Сашка наконец-то оставил бокал в покое и поставил его на подоконник сбоку от себя. Скорби поубавилось в выражении его лица, что меня порадовало.

— Извини, — я взяла бокал двумя руками, — но я тоже толкну речь. Речь будет без иронии — это потому, что вино красное. Сам виноват — знаешь ведь, что я люблю и пью белое. Зачем ты положил руку на грудь, тебе плохо?

— Проверяю, на посту ли мой ангел-хранитель.

— Всё в порядке?

— В полном, можешь продолжать.

— Чтобы не схватиться за сердце оттого, что я скажу, представь, будто я тебе пересказываю умную книжку. Будто это не я, не мои мысли, а начиталась в поезде — и делюсь.

Сашка закатал рукава рубашки.

— Представил.

— Интересная у тебя школа актерского мастерства, ну, да ладно, — я глотнула вина и начала, пропустив выход от печки, — в жизни важно встретить двух людей. Сначала себя. Сначала именно себя, понимаешь? И познакомиться и полюбить. И себя, и одиночество. Потом свою пару, или вторую половину, как говорят. Тогда устанавливается правильная связь с миром и появляется источник сил, и приходит удача. У многих не случается ни одной встречи из двух. Это совместимо с жизнью. Качество ее страдает, но если не вдумываться, то жить можно. Хуже всего, если происходит только одна встреча. И сразу вторая. Часто любовь приходит слишком рано. Мы, не задумываясь, ищем вторую половину, а где же первая? Кто сказал, что встреча с собой уже состоялась и ты готов ко второй важной встрече в своей жизни? И встреча номер два иногда пугает. А иногда ты просто мстишь второму за невстреченного первого, то есть за себя. Как я тебе. А всё дело в том, что себя ты можешь встретить только сам. Самому надо это сделать, понимаешь? Так что ты ни в чем не виноват — это всё моя лень. И только. А как только я начала сама шевелиться — вот и Чуча.

— Какая Чуча?

— Талантливая — ты ж сам сказал.

Я подошла к Сашке и хотела упереться лбом ему в грудь, но он опередил и схватил меня в охапку.
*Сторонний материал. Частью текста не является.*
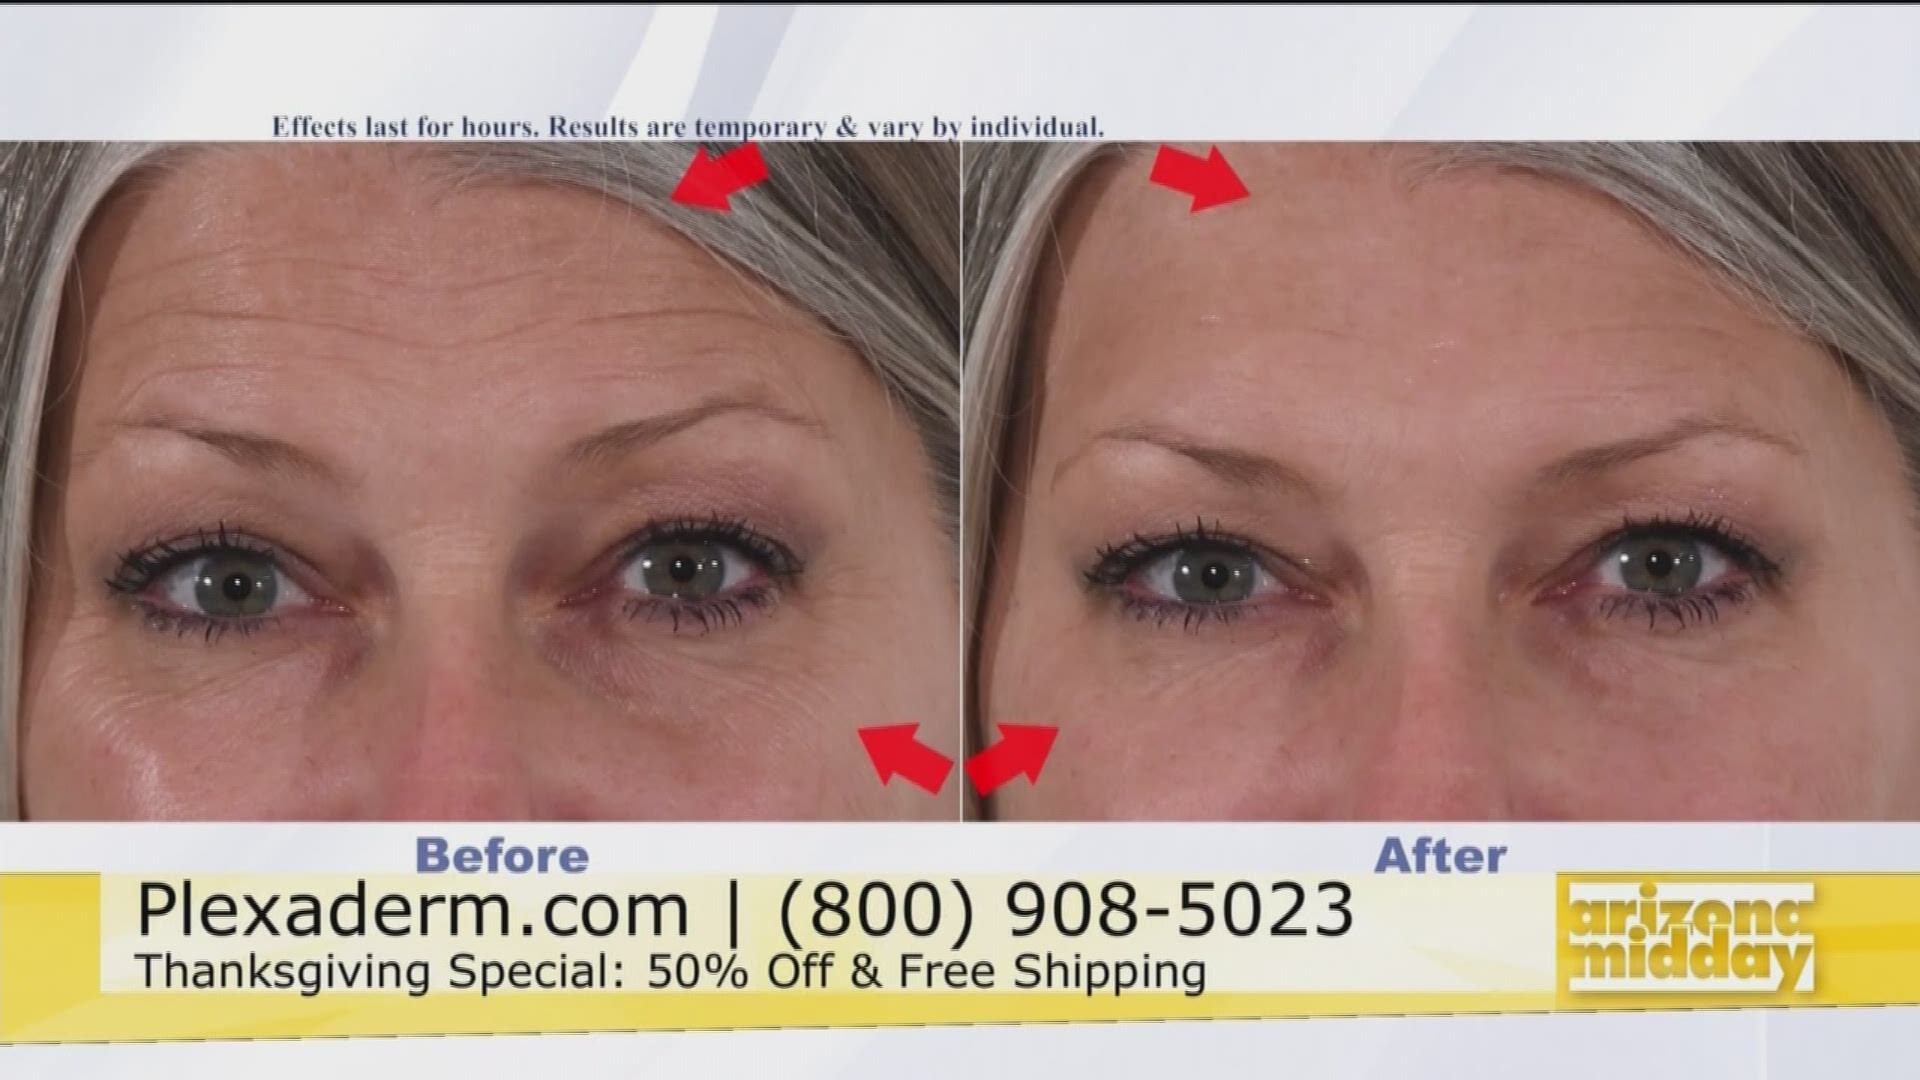 Look Younger In Minutes for the Holidays with Plexaderm

— Погоди, друг! Разговор еще не окончен! — я сделала глубокий вдох и выдох.

— Тогда говори, друг, — он продолжал выступать в роли моей смирительной рубашки.

— Тогда свободу, друг!

— Держи, друг, — он поднял руки вверх.

Я прошлась по кухне туда-обратно.

— Что за кино у тебя идет? — я не знала, как начать второй акт нашего «спектакля».

— Твое.

— Имени меня?

— Твои «Сады осенью». Пытаюсь понять, почему тебе его было так надо.

— Не знаю. Как тебе фильм?

— Параллельно.

— Неужели так плохо?

— Хотел сказать: «Параллели». Странные параллели возникают вот здесь, — он постучал по своей макушке.

— Например?

— Там она притаскивает статую в его дом. Ты подарила мне картину.

— Так.

— Потом у него начались неприятности.

— Тут нестыковка: твои неприятности начались гораздо раньше картины и никак с ней не связаны. Ну, пусть. Еще что-то?

— Потом она уходит от него. Вместе со статуей.

— Хочу тебе сразу сказать: в жизни всё не так хорошо, как в кино — не дождешься! Кстати, статуя ему понравилась?

— Нет. Категорически.

— А тебе картина?

— Да. Категорически.

— Хреновый из тебя параллельщик, однако… Две отличные вещи запараллелить не смог.

— Ты мне не ответила: почему ты уехала?

— А почему ты не спрашиваешь, по какой причине я решила вернуться?

— Я догадываюсь.

— А ну?

— Раз ты здесь, то значит…

— Ничего это еще не значит. Главная причина — зонт.

— Ты его не взяла с собой?

— Обижаешь. Взяла. Тот самый — любимый, с которым приехала сюда жить. Но он протерся на сгибах! Представляешь?

— Не может быть…

— Да. Пошел дождь. Я открыла зонт и почему-то посмотрела сквозь него. Только не смейся, что-то про звезды подумала. И увидела небо. Паутина просвечивающая такая. Полоски совсем прозрачные. Зонт протерся! И в голове щелкнуло — пора возвращаться.

— Как я тебя понимаю…

— Ты мне не веришь.

— Увы, верю.

— Ну, хорошо. Зонт — это повод. Причина не в нем. Ладно, вернемся к твоему первому вопросу.

— А как же?

— Позже. Я поняла, что надо всё по порядку. Давай, жги.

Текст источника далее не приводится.